Also there is a very strange FIXME above protocolIs(const String&, const char*) that says: "Why is this different than protocolIs(StringView, const char*)?' That seems to imply that there was a protocolIs function that took a StringView at one time. Perhaps it was deleted? The FIXME should go.

> Source/WebCore/platform/graphics/avfoundation/CDMPrivateMediaSourceAVFObjC.mm:107
> +    StringView keySystem = m_cdm->keySystem();

This looks unsafe. What type does m_cdm->keySystem() return? If it returns String then this is unsafe. If it returns const String& then this is safe. I worry that someone will change it from returning const String& to returning String and then make this code invalid. Hard to write this so it’s obviously safe. Think of StringView like a raw pointer. There’s always the question of why the StringView is still good after you initialize it from the result of an expression that might involve a temporary String.

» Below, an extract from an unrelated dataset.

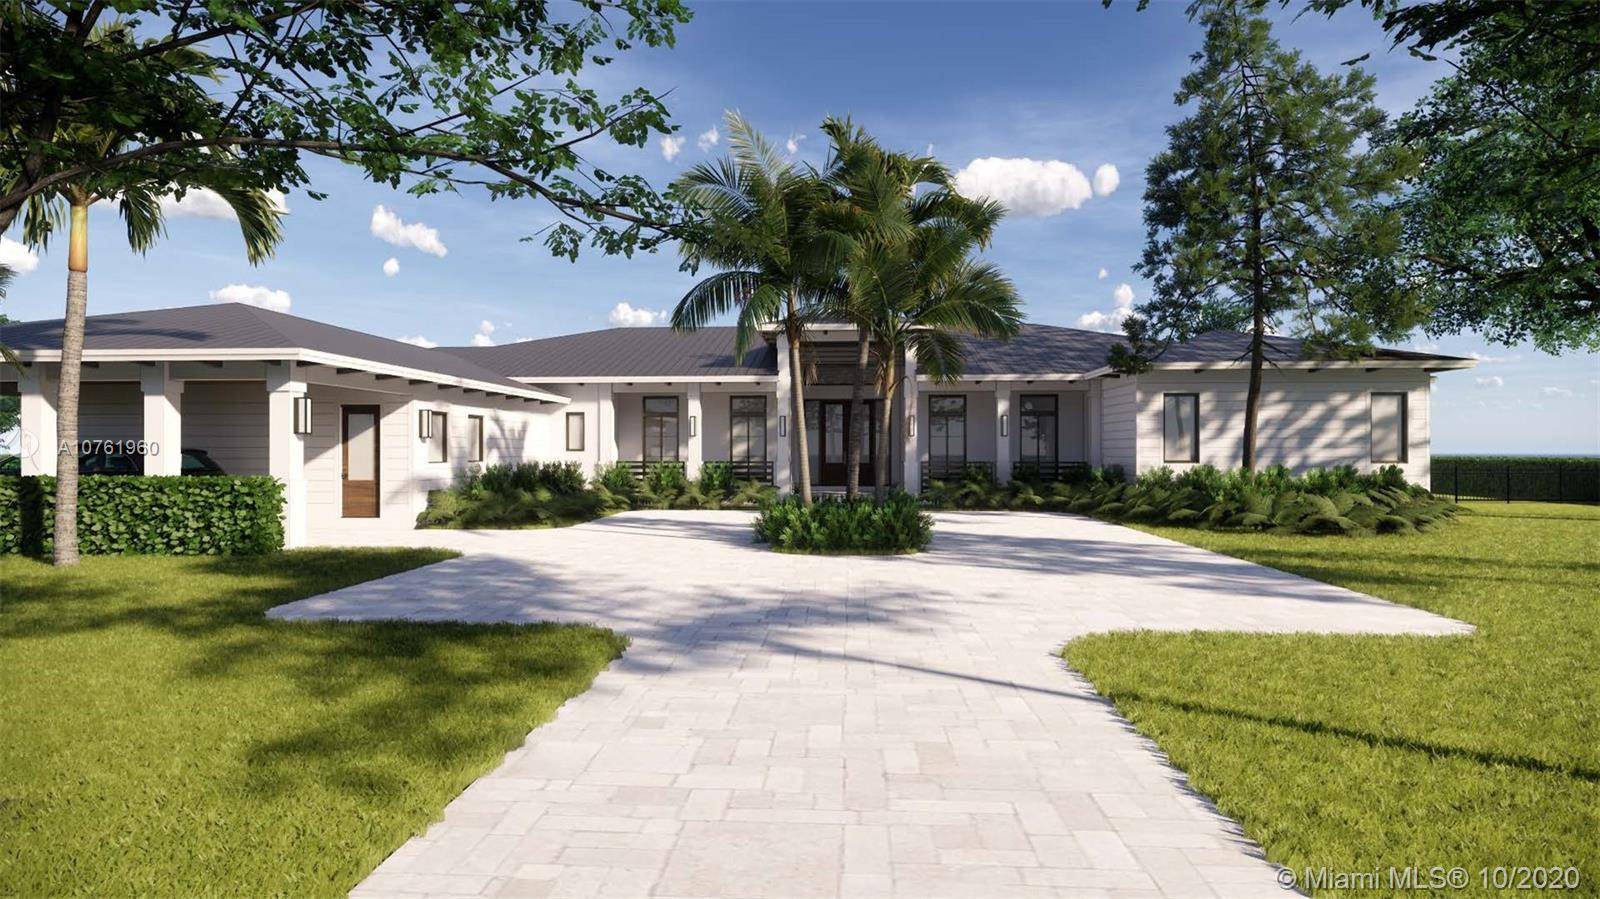 This custom designed new construction home showcases tropical modern architecture while delivering timeless style and legendary Hollub quality and attention to detail.

Generally we should avoid local variables of type StringView that are initialized from a temporary String or look like they might be. Arguments of type StringView don’t have this problem, many cases of local variable StringView that are not initialized from temporary Strings are fine, and various other idioms are OK.

> Source/WebCore/svg/SVGToOTFFontConversion.cpp:1476
> +        auto segments = StringView(m_fontFaceElement->attributeWithoutSynchronization(SVGNames::font_weightAttr)).split(' ');
> +        for (auto segment : segments) {

I would have written this;

    auto& weight = m_fontFaceElement->attributeWithoutSynchronization(SVGNames::font_weightAttr);
    for (auto segment: StringView(weight).split(' ')) {

Makes the object lifetimes more obviously correct. Otherwise, you have the puzzle of why it’s OK for the StringView to outlive the result of attributeWithoutSynchronization.

> Source/WebCore/svg/SVGToOTFFontConversion.cpp:1489
> +        segments = StringView(m_fontFaceElement->attributeWithoutSynchronization(SVGNames::font_styleAttr)).split(' ');
> +        for (auto segment : segments) {

Same issue here.

> Source/WebCore/testing/Internals.cpp:3509
> +void Internals::setPageMuted(const String& statesString)

I think you can just change the argument type to StringView instead.
Comment 8 Sam Weinig 2017-04-18 19:08:04 PDT
(In reply to Darin Adler from comment #7)
> Comment on attachment 307434 [details]
> Patch
> 
> View in context:
> https://bugs.webkit.org/attachment.cgi?id=307434&action=review

> 
> > Source/WTF/wtf/HashMap.h:406
> > +    return get<typename HashTableType::IdentityTranslatorType>(key);
> 
> Why doesn’t this use IdentityTranslatorType instead of typename
> HashTableType::IdentityTranslatorType?
> 
> > Source/WebCore/accessibility/AccessibilityObject.cpp:2242
> > +        if (AccessibilityRole role = ariaRoleMap().get<typename ARIARoleMap::IdentityTranslatorType>(roleName)) // Identity translator supports StringView; get() does not.
> 
> That is so peculiar. Even with the comment it’s so non-obvious that an
> "identity" translator would allow things that the get function would not
> allow itself. The comment just makes me wonder why! I wonder if there is
> some more elegant way to handle this. Or some clearer way to explain why
> explicit use of the identity translator makes this work.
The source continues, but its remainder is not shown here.